Time passed. Hours, then days. Things began to happen. Trucks appeared, loaded down with sacks of white powder. The powder was very messily mixed with water and smeared lavishly over the now waterproofed wooden mockup of a space ship. It came off again in sections of white plaster, which were numbered and set to dry in warm chambers that were constructed with almost magical speed. More trucks arrived, bearing such diverse objects as loads of steel turnings, a regenerative helium-cooling plant from a gaswell—it could cool metal down to the point where it crumbled to impalpable powder at a blow—and assorted fuel tanks, dynamos, and electronic machinery.

Ten days after Mike's first proposal of concreted steel as a material for space ship construction, the parts of the first casting of the mockup were assembled. They were a mold for the hull of a space ship. There were more plaster sections for a second mold ready to be dried out now, but meanwhile vehicles like concrete mixers mixed turnings and filings and powder in vast quantities and poured the dry mass here and there in the first completed mold. Then men began to wrap the gigantic object with iron wire. Presently that iron wire glowed slightly, and the whole huge mold grew hotter and hotter and hotter. And after a time it was allowed to cool.

But that did not mean a ceasing of activity. The plaster casts had been made while the concreting process was worked out. The concreting process—including the heating—was in action while fittings were being flown to the Shed. But other hulls were being formed by metal-concrete formation even before the first mold was taken down.

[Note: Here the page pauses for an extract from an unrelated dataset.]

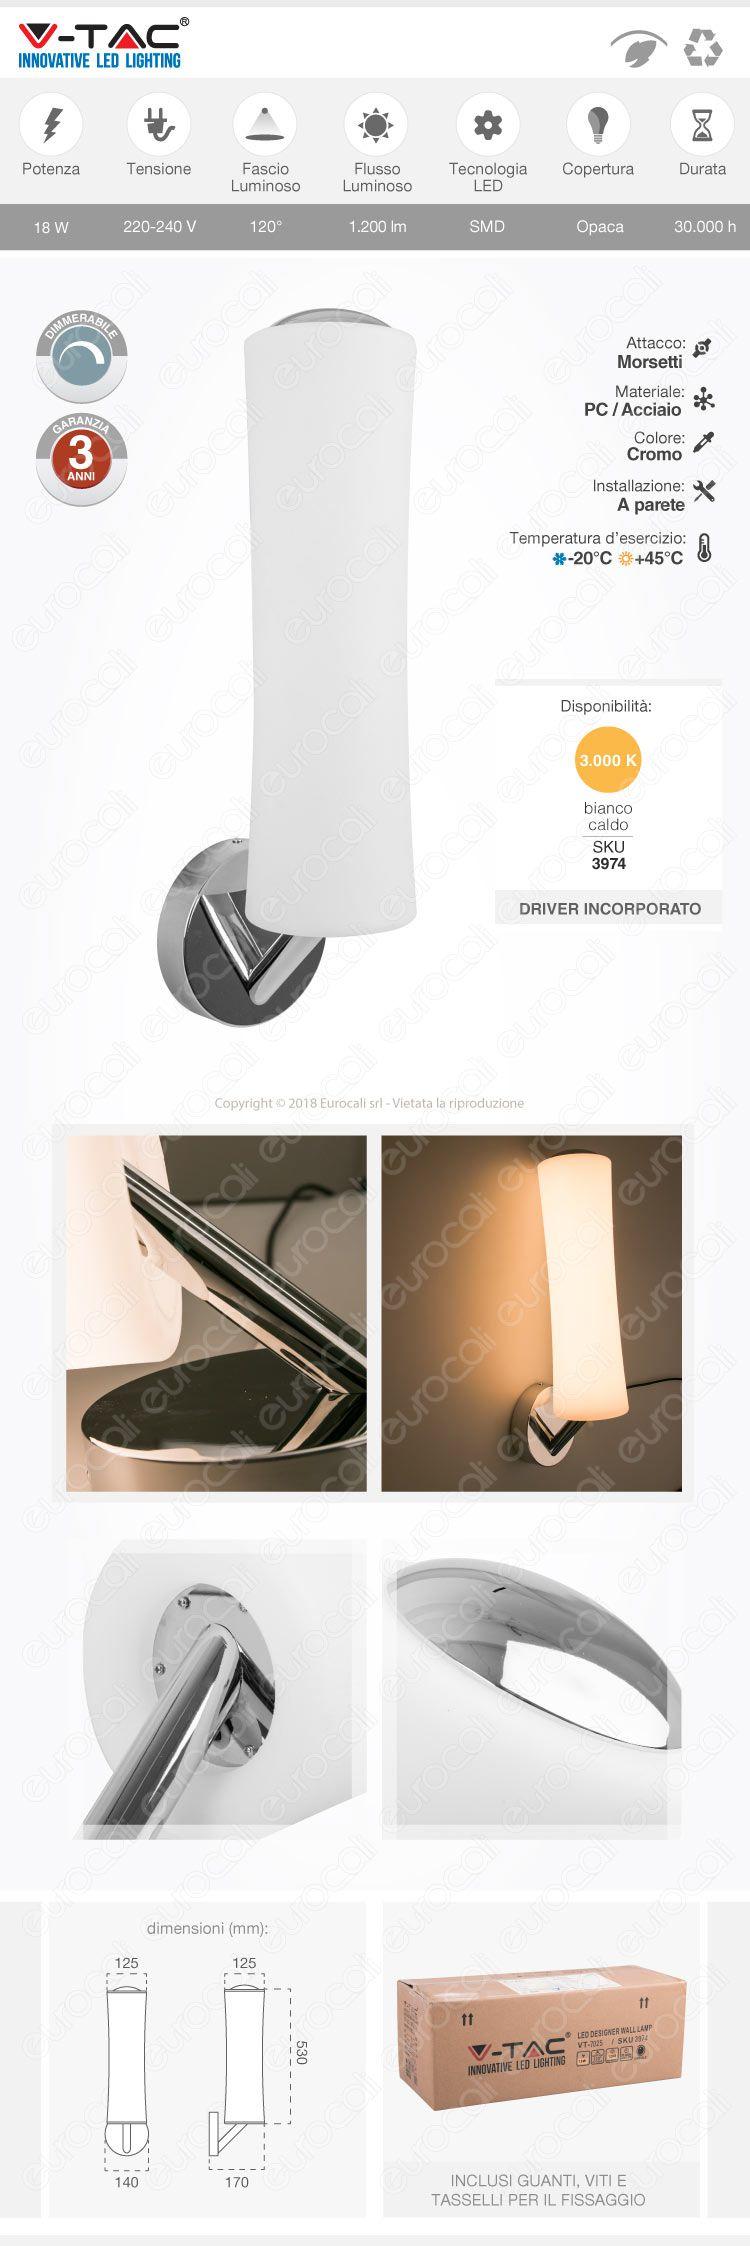 lampada led da muro

When the plaster sections came off, there was a long, gleaming, frosty-sheened metal hull waiting for the fittings. It was a replacement of one of the two shot-down space craft, ready for fitting out some six weeks ahead of schedule. Next day there was a second metal hull, still too hot to touch. The day after that there was another.

Then they began to be turned out at the rate of two a day, and all the vast expanse of the Shed resounded with the work on them. Drills drilled and torches burned and hammers hammered. Small diesels rumbled. Disk saws cut metal like butter by the seemingly impractical method of spinning at 20,000 revolutions per minute. Convoys of motor busses rolled out from Bootstrap at change-shift time, and there were again Security men at every doorway, moving continually about.

But it still didn't look too good. There is apparently no way to beat arithmetic, and a definitely grim problem still remained. Ten days after the beginning of the new construction program, Joe and Sally looked down from a gallery high up in the outward-curving wall of the Shed. Acres of dark flooring lay beneath them. There was a spiral ramp that wound round and round between the twin skins of the fifty-story-high dome. It led finally to the Communications Room at the very top of the Shed itself.